My Pipettes Haven't Been Calibrated In Forever. Now What?
- Should I be concerned?
Yes, you should. If your pipettes have not been calibrated recently, the quality of your results and the integrity of your data are questionable. Especially when resources are scarce, labs must be able to depend on the quality of their liquid handling processes, and cannot afford to repeat their tests or experiments or waste their materials. Maintaining regulatory compliance is another good reason to have a robust pipette calibration system.
- Why would pipette performance change over time?
Pipettes are high-precision instruments, even though not many people think of them in that way. A number of moving parts within each pipette can fail during regular use or as a result of damage from incorrect use. Mechanical failures can include leaky seals and O-rings, damage to the nose cone of the shaft, corrosion and contamination of the piston— to name but a few.
- Should I be worried about my data?
For sure. The longer the time since your last pipette calibration or performance verification, the greater the threat to your data integrity. A rational step would be to do an “as found” performance check on each of your pipettes. If a pipette is not performing to specification, all data collected since your last calibration with the failed pipette are potentially flawed.
- Is remedial action required?
If your data integrity has been compromised, it is very likely that remedial action is required. Determine what regulations you are subject to and consult the relevant guidelines and SOPs. Of course, if any of your results are in doubt, you need to take action from not only a regulatory compliance standpoint, but also to ensure the enduring quality of your lab operations.
- Why did I allow so much time to elapse before I calibrated my pipettes?
Understanding how you got here is important in crafting an effective solution. Perhaps laboratory staff members find it burdensome to calibrate. Possibly your SOPs are not clearly documented and accountabilities are vague. Or, if you outsource calibration, you may simply be having difficulty with the price or performance of your provider. Whatever the case, you now should determine the ideal calibration program for your lab to ensure pipette quality.
- What options are available for calibration?
There are many options for pipette calibration and the right choice depends on the relative importance of accuracy, precision, traceability and the volume range of the pipettes.

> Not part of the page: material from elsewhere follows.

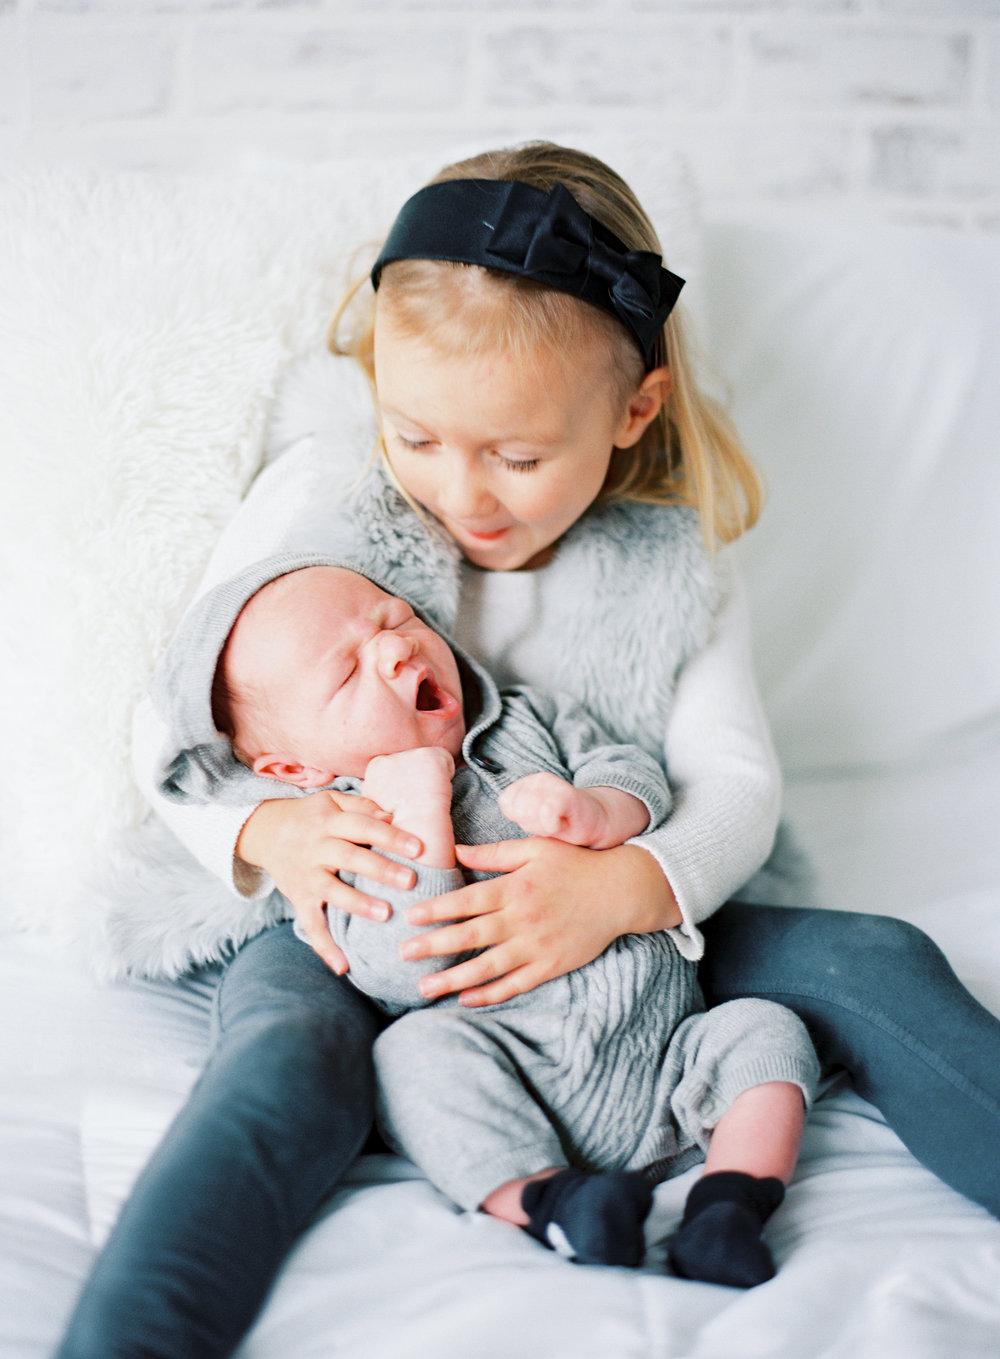 pittsburgh-newborn-family-Steven-Dray-photographer-anna-laero-photography-2.jpg

Gravimetry, fluorometry, titration, single-dye photometry, and ratiometric photometry are all techniques that can be utilized to calibrate your pipettes. Gravimetry, for example, offers good accuracy at high volumes but is problematic for low volumes and in difficult environments. Fluorometry and single-dye photometry provide good precision information but limited accuracy information. Titration is typically time consuming and the results are subjective. Ratiometric photometry offers high levels of precision and accuracy. If utilized as a system with prepared reagents, a high performance photometer and data management software, it can also provide fast and objective results at all volumes.
- How often should I calibrate?
The appropriate pipette calibration interval depends upon several factors including the degree of confidence required in your results, the amount and type of use a pipette receives, and the accuracy and precision required for specific procedures. In some cases, pipette performance should be verified daily. In other cases, monthly or quarterly is sufficient. One solution many labs have implemented is to partner with an outside provider for annual calibrations, while also utilizing an in-house program to perform interim verifications. An internal system—typically less rigorous than a full calibration and easy to implement—enables you to ensure the quality of your ongoing operations whenever necessary. For instance, you may want to verify pipette performance before critical procedures, or when you suspect a mechanical failure of the pipette.
Also important is your target reliability level, which is determined by the quality mandate and established tolerances in a given lab. Your quality assurance objectives and the appropriate regulatory standards should also be taken into consideration when deciding on calibration frequency. While all of this may sound complex, there is expert guidance available from sources such as LHTalk.org, and other web-based discussion groups.
- How do I prevent this situation from arising again?
You now need to implement a liquid handling quality assurance program. This should include the appropriate procedures, training, and a clear accountability structure for enforcement. With a good calibration program in place, you’ll have greater confidence in your data, prevent the erosion of lab efficiency, and rest assured your processes are compliant and in control.